Волхвы
Шрифт:
— А что же мы видим? — засмеялся Гаспар.
— Игру света и тени земли на горизонте, дрожание не успокоившегося воздуха. Ваше тоскующее воображение построило этот город.
Короли шумно возмущаются.
— Слепой глупец! — говорит Мельхиор. — Это настоящий город из камня, песчаника и глины, рукотворный город, которому суждено стать легендой.
— Прекрасный город, — подхватывает Бальтазар, — наша цель и спасение.
— Так чего же мы теряем время? — вскричал Гаспар. — Надо немедленно в путь,
— Вам не достичь его до темноты, — новым, суровым голосом говорит Алазар. — Вам не достичь его, даже если вы будете скакать всю ночь и заморите своих верблюдов. Ваш путь до настоящего Белого города пройден лишь наполовину, и впереди еще немало тяжких испытаний.
— Ты оказал нам некоторые услуги. — Голос старого Мельхиора дребезжит от раздражения. — Но сейчас мы не желаем тебя слушать.
— Он морочит нам голову, — подхватил Бальтазар. — С какой только целью?
— Время не ждет! — воскликнул Гаспар. — В путь, мои высокие друзья, в путь!
Короли засуетились: они понукают усталых верблюдов, не желающих вставать с земли, пинают их ногами, тащат за повод, кричат.
Алазар смотрит на них без всякой обиды, с тихим сожалением.
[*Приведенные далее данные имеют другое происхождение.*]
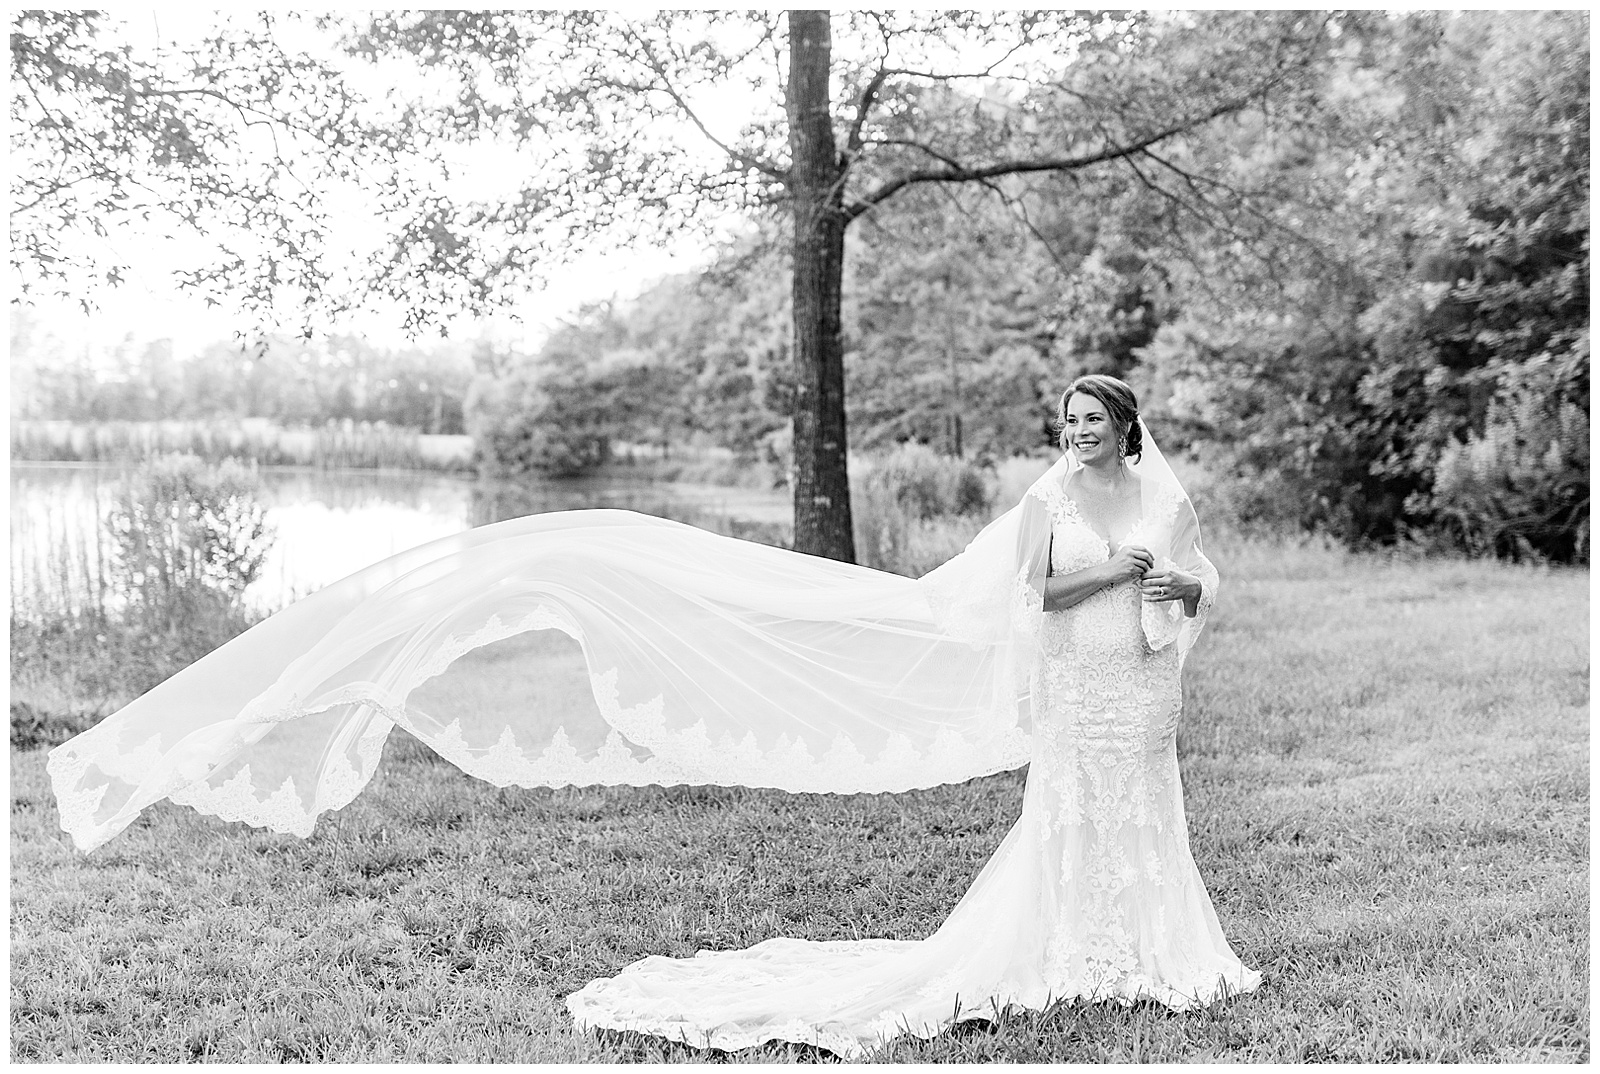 cathedral length veil from amazon and lace wedding dress from sunset bridal portraits in woods and field

Что-то случилось в небе, очевидно, солнце закатилось, отсеклись его лучи, и в недвижном сумеречном воздухе погасли очертания Белого города.
— Где ваш город? — раздался голос Алазара.
Короли смотрят (и мы смотрим их глазами) — и никакого города нет в помине — пустынное небо, в котором кончилась красочная карусель.
Усталое разочарование на лице Мельхиора, злое остолбенение на лице Бальтазара, плаксивый ужас — на лице Гаспара.
Обескураженные и враз обессилевшие, короли молча опускаются на землю.
Пламя костра съеживается, со всех сторон подступает печальная ночь пустыни…
72. Ночь. Проснулся Алазар. Лицо его обращено к набитому звездами небу. Взгляд скользит по серебристой россыпи и наконец останавливается на яркой, будто подмигивающей звездочке в созвездии Андромеды.
Алазар долго смотрит на нее, губы его что-то шепчут. Взор туманится. Он подымает руку к небу и со странным выражением, полузакрыв глаза, гладит ее от пясти до локтя — с той нежностью, с какой гладил бы руку милой жены…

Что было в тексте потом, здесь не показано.